Alexanne crut déceler de la frayeur dans la voix de sa tante.

— Dites-moi à quoi vous pensez, en ce moment.

Tatiana soupira de découragement.

— Il y a une prophétie… Un enfant mâle est censé naître chez les Ivanova avec le pouvoir de faire autant le bien que le mal, et de détruire toutes les fées. Dès son premier geste magique, j’ai su que c’était lui… Lorsqu’il est revenu chez moi, après la morsure du loup, j’ai compris que je ne m’étais pas trompée…

— Qu’allons-nous faire ?

— Ce que font toutes les fées : l’aimer inconditionnellement et le ramener sur le bon chemin, chaque fois qu’il s’en écarte.

— Où est-il, en ce moment ?

— Il est toujours dans la montagne et, comme je te l’ai dit tout à l’heure, il est inutile de partir à sa recherche. Nous ne le trouverons pas s’il ne désire pas qu’on le découvre. Nous devrions plutôt nous concentrer sur tes pouvoirs.

— Je suis d’accord.

— Lorsque tu auras mangé, je t’enseignerai à voir l’énergie des plantes et des arbres.

— Merveilleux ! Mais dites-moi, pourquoi y a-t-il une tache noire au milieu de votre poitrine ?

— Tu la vois ? s’égaya Tatiana. C’est très, très bien.

— Je la vois, mais je ne sais pas ce que c’est.

— Lorsqu’on guérit les gens, il arrive qu’on leur donne un peu trop de notre propre énergie. Il faut ensuite refaire nos forces par le repos, la prière et la méditation. J’ai sauvé plusieurs blessés graves cette nuit, alors aujourd’hui, je vais surtout prier.

— Votre frère est-il dans le même état que vous ?

— Je n’en sais rien. Je peux juste t’affirmer qu’il est en train de se reposer.

Tatiana ferma les yeux, et Alexanne décida de la laisser tranquille. Elle mangea ses céréales et sortit dans la cour pour observer l’énergie des plantes médicinales. Elle ralentit sa respiration comme sa tante le lui avait enseigné et exprima intérieurement la volonté de « voir ». Un beau halo de couleur doré entoura alors toutes les feuilles, comme si elles s’étaient allumées de l’intérieur. Alexanne leva les yeux sur les grands arbres et vit chacune de leurs branches, entourée d’une lumière verdâtre. Tout s’illuminait : les fleurs, les plantes, l’herbe, les arbustes, les arbres !

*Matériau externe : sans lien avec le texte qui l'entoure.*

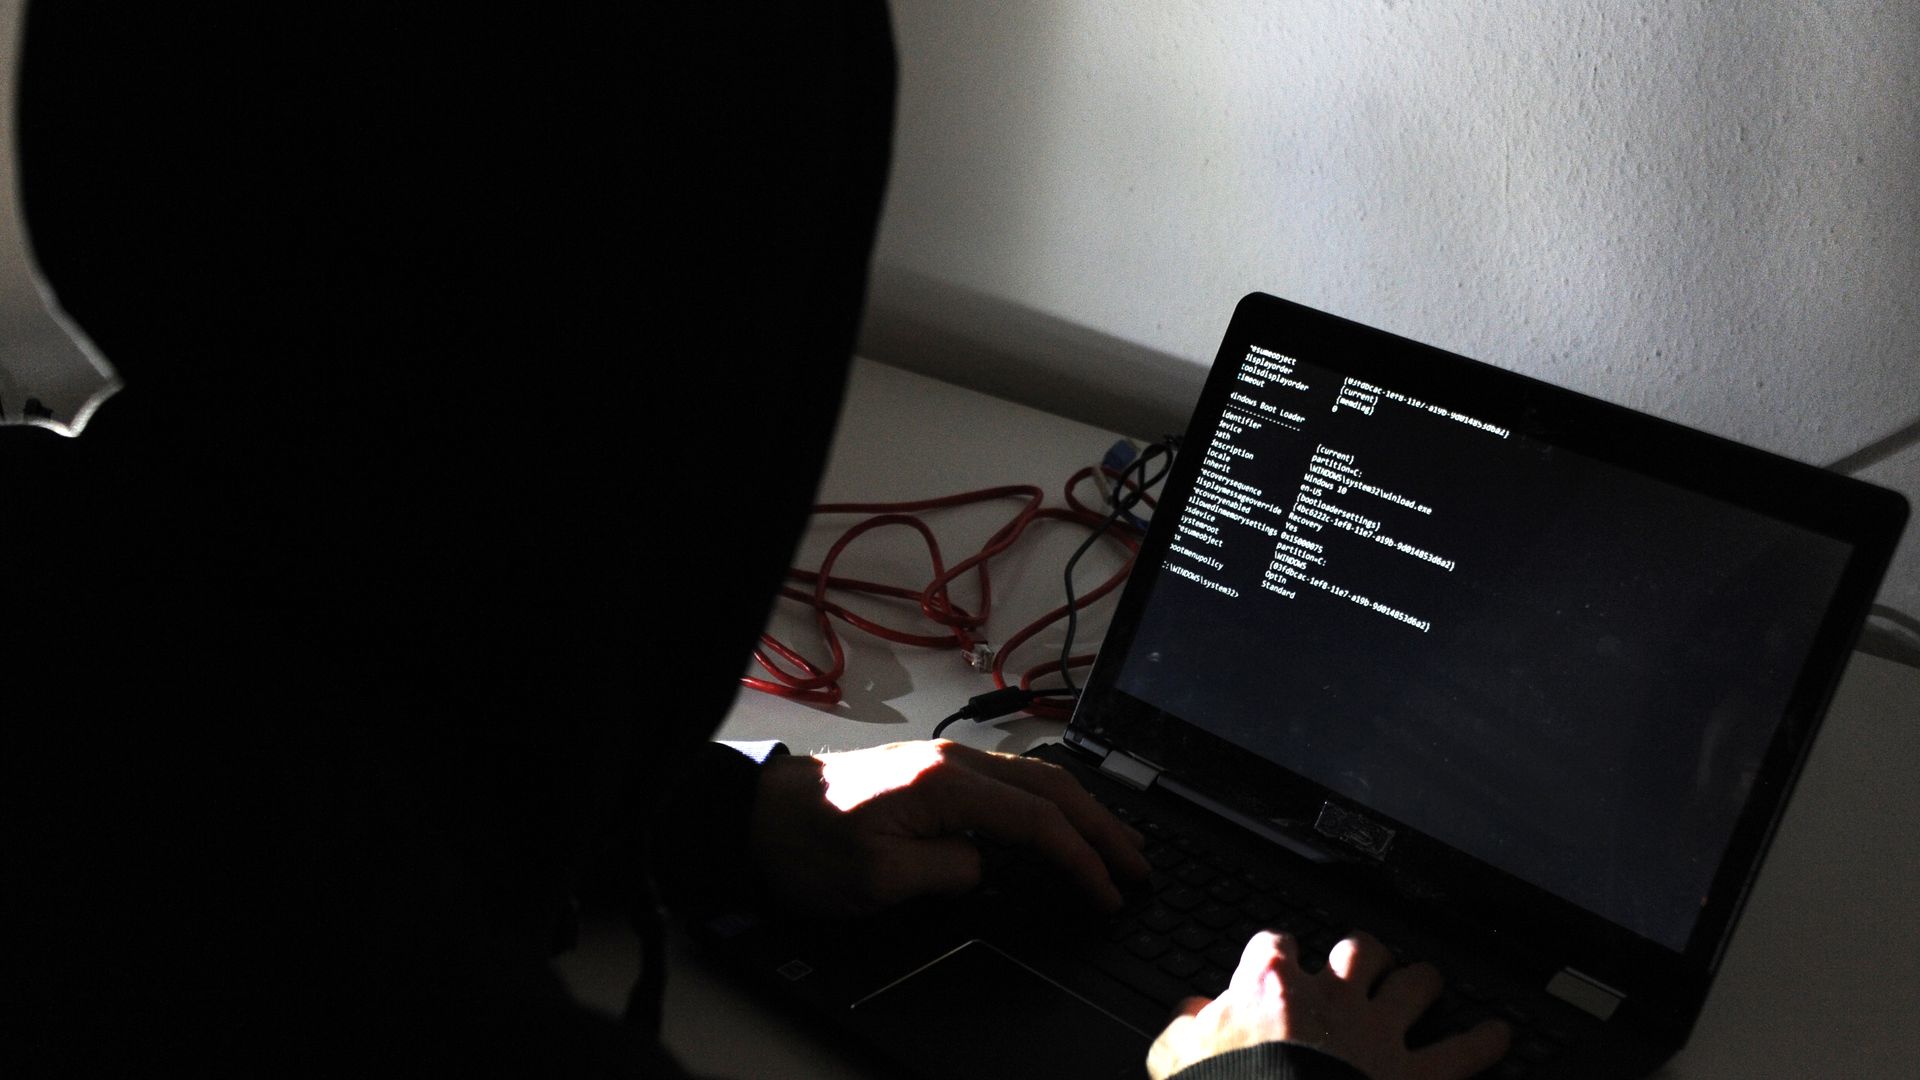 A man in a hoodie types on a black computer in darkness.

Coquelicot se posa sur son épaule et regarda dans la même direction pour voir ce qui la fascinait ainsi.

— Je vois l’énergie ! s’exclama l’adolescente.

La petite créature balança doucement la tête-de gauche à droite, comme pour lui dire : enfin !

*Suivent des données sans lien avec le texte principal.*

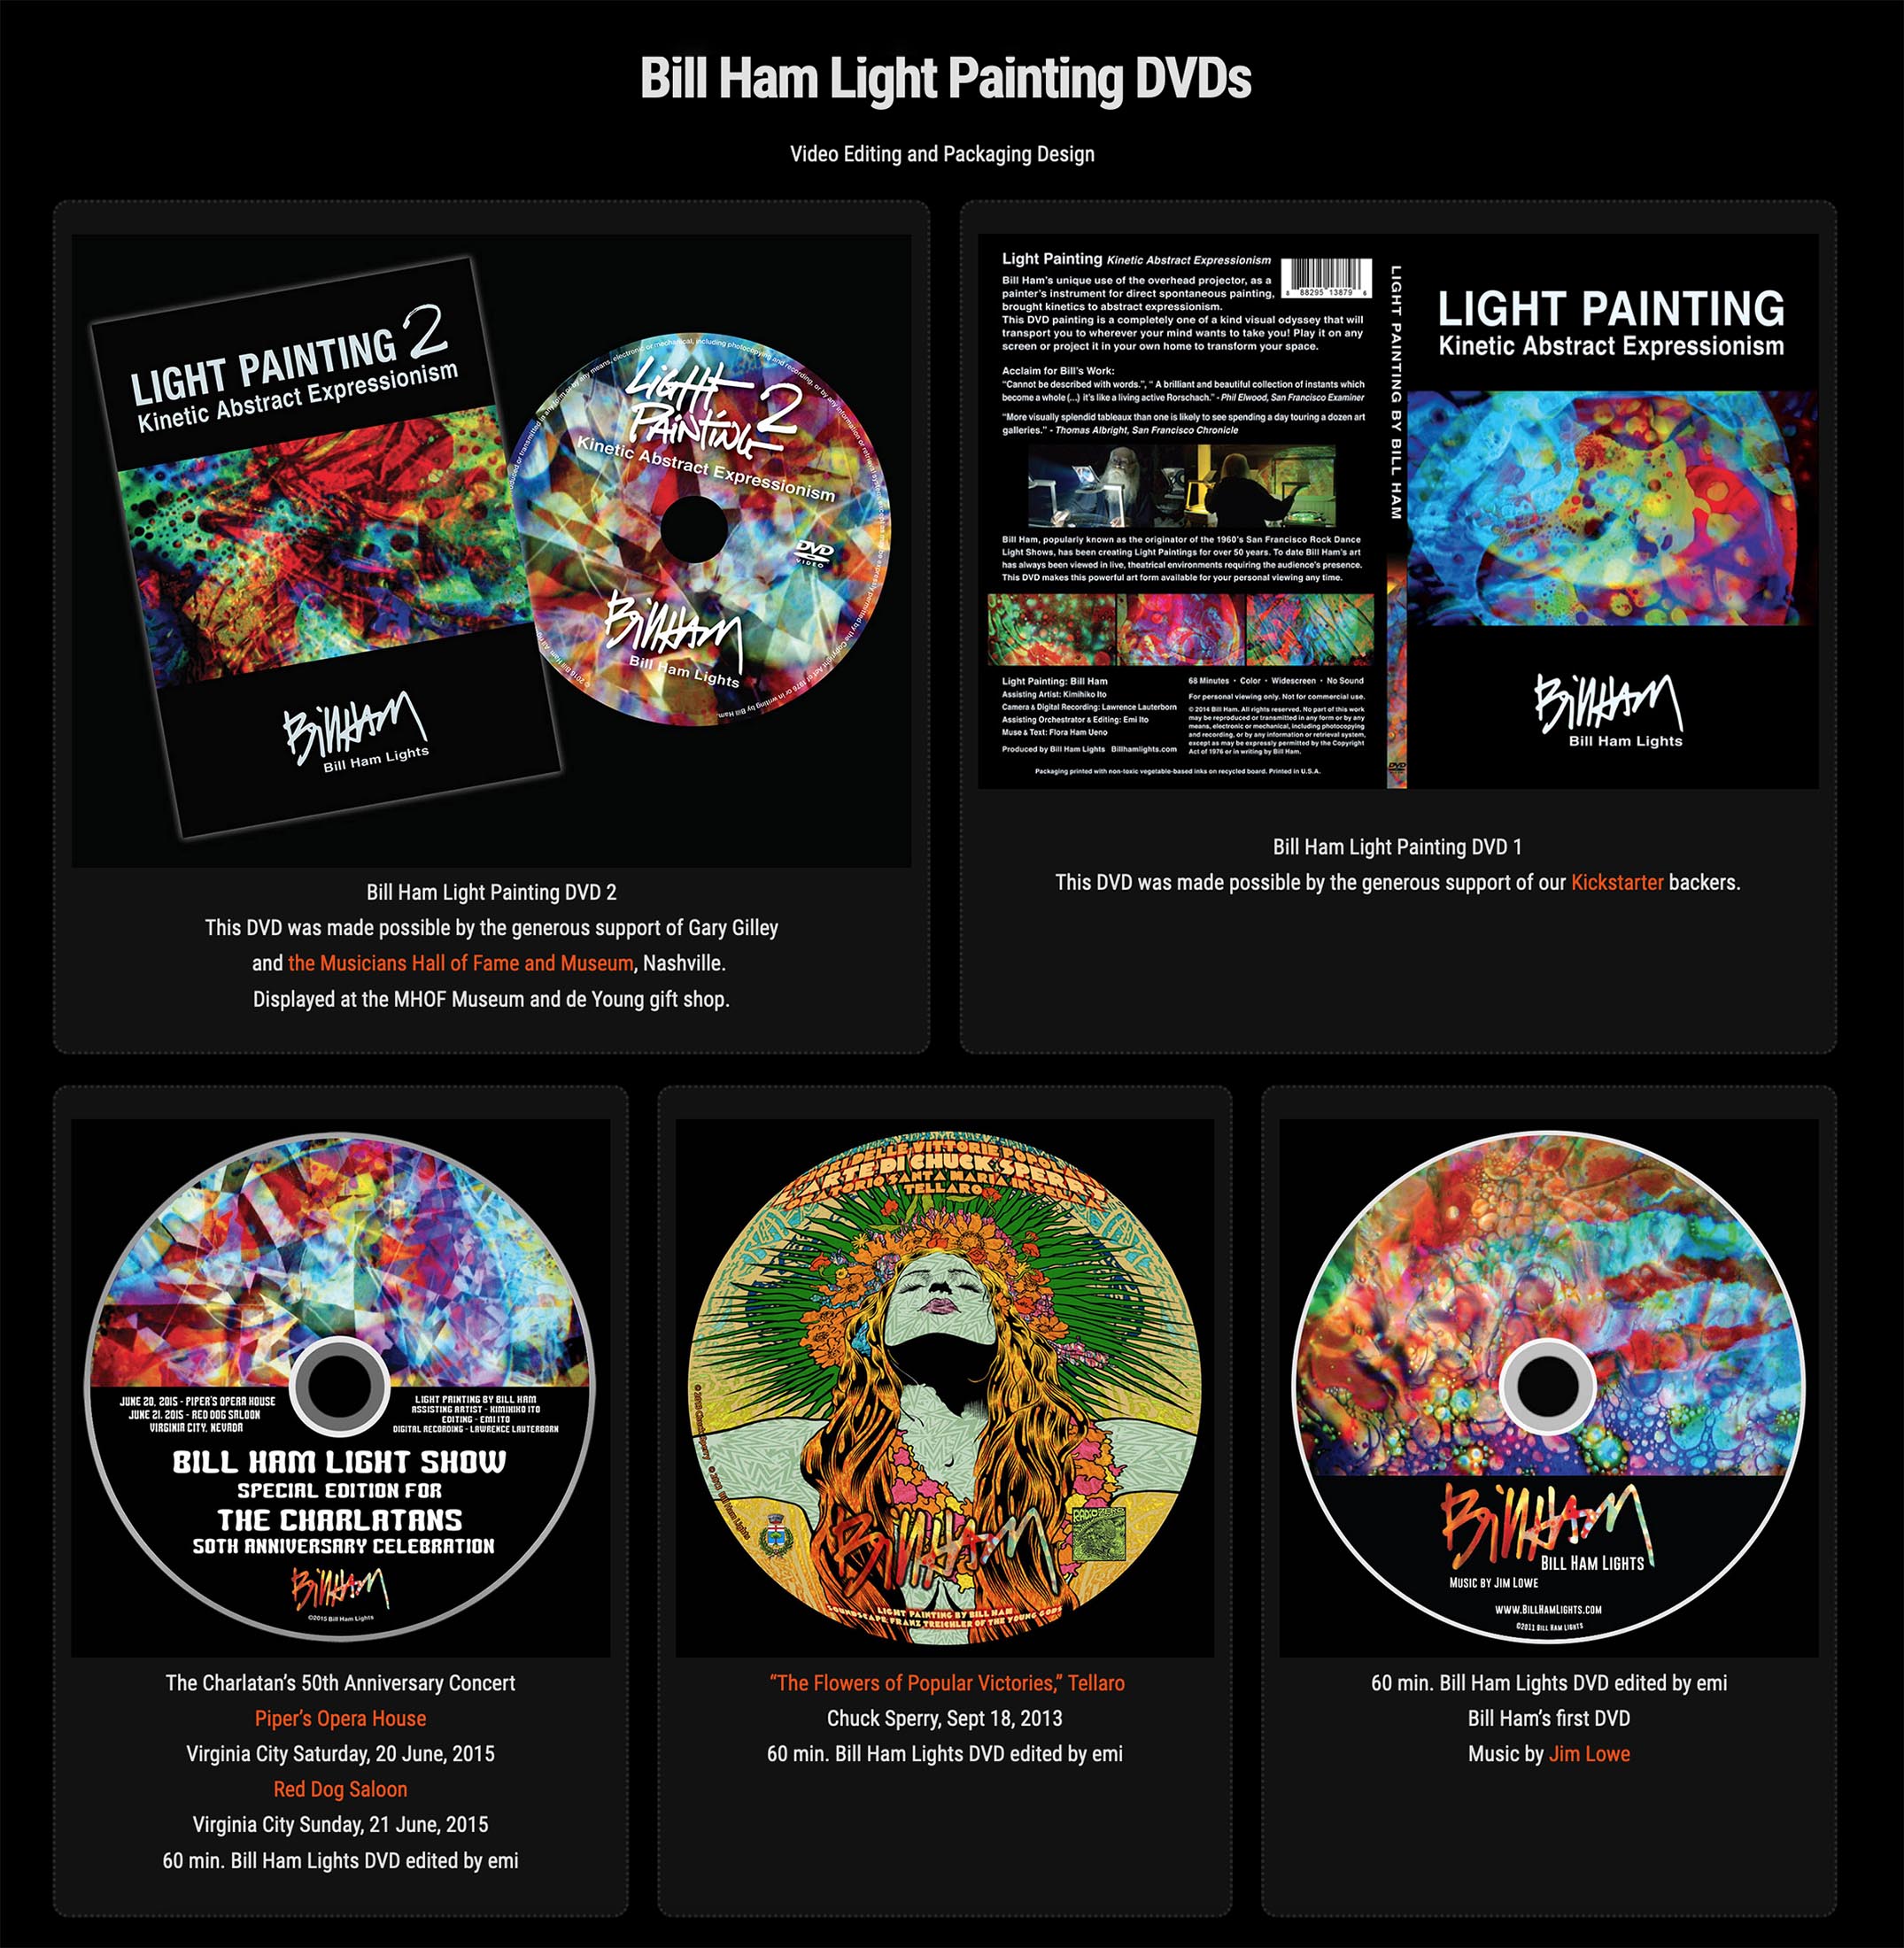 Bill Ham Light Painting DVDs, video editing, package design, webstore by emi

— Es-tu la seule fée de la région ?

Coquelicot se tourna vers les rosiers, à gauche, et se mit à gazouiller. Une centaine de petites têtes blondes, brunes, rousses et noires émergèrent des fleurs, et Alexanne fut si surprise qu’elle sursauta. Matthieu arriva au même moment dans la cour et l’interpella. L’adolescente perdit instantanément sa concentration. Toutes les fées disparurent, et le paysage perdit ses belles couleurs.

Alexanne courut se jeter dans les bras de Matthieu et le serra avec affection.

— Je ne pensais pas que tu t’étais autant ennuyée de moi, la taquina-t-il.

— J’ai tellement de choses à te raconter ! Tu ne croiras jamais ce que j’ai fait la nuit dernière !

— Et moi, j’ai quelque chose à te montrer.

Il prit sa main et l’emmena devant la maison, où l’attendait la nouvelle voiture que ses parents lui avaient offerte pour son anniversaire, le matin même. Alexanne lui dit qu’elle était contente pour lui, mais déplora de ne pas lui avoir acheté de présent.

— Tu es mon plus beau cadeau, affirma-t-il.

Ils s’embrassèrent un long moment. Puis, se rappelant le danger que Matthieu courait en présence de son oncle, Alexanne lui demanda de lui faire faire une balade. Le jeune homme lui ouvrit galamment la portière du côté passager, puis alla s’asseoir derrière le volant. Il fit démarrer le moteur avec fierté, et la voiture s’éloigna de la maison.

Alexanne se mit à chercher un poste de radio. Elle n’aperçut donc pas Alexei qui les observait, caché entre les arbres. Tandis qu’ils roulaient dans le rang bordé d’arbres, l’adolescente s’aperçut que les rues bondées et bruyantes de Montréal ne lui manquaient plus. Même ses anciens amis n’étaient plus qu’un souvenir. Elle appartenait désormais à cet endroit paisible, auprès de sa tante, des fées et d’un homme-loup réformé, là où les pouvoirs magiques dont elle avait hérité pourraient enfin s’épanouir. Son seul souhait était maintenant de déployer ses propres ailes.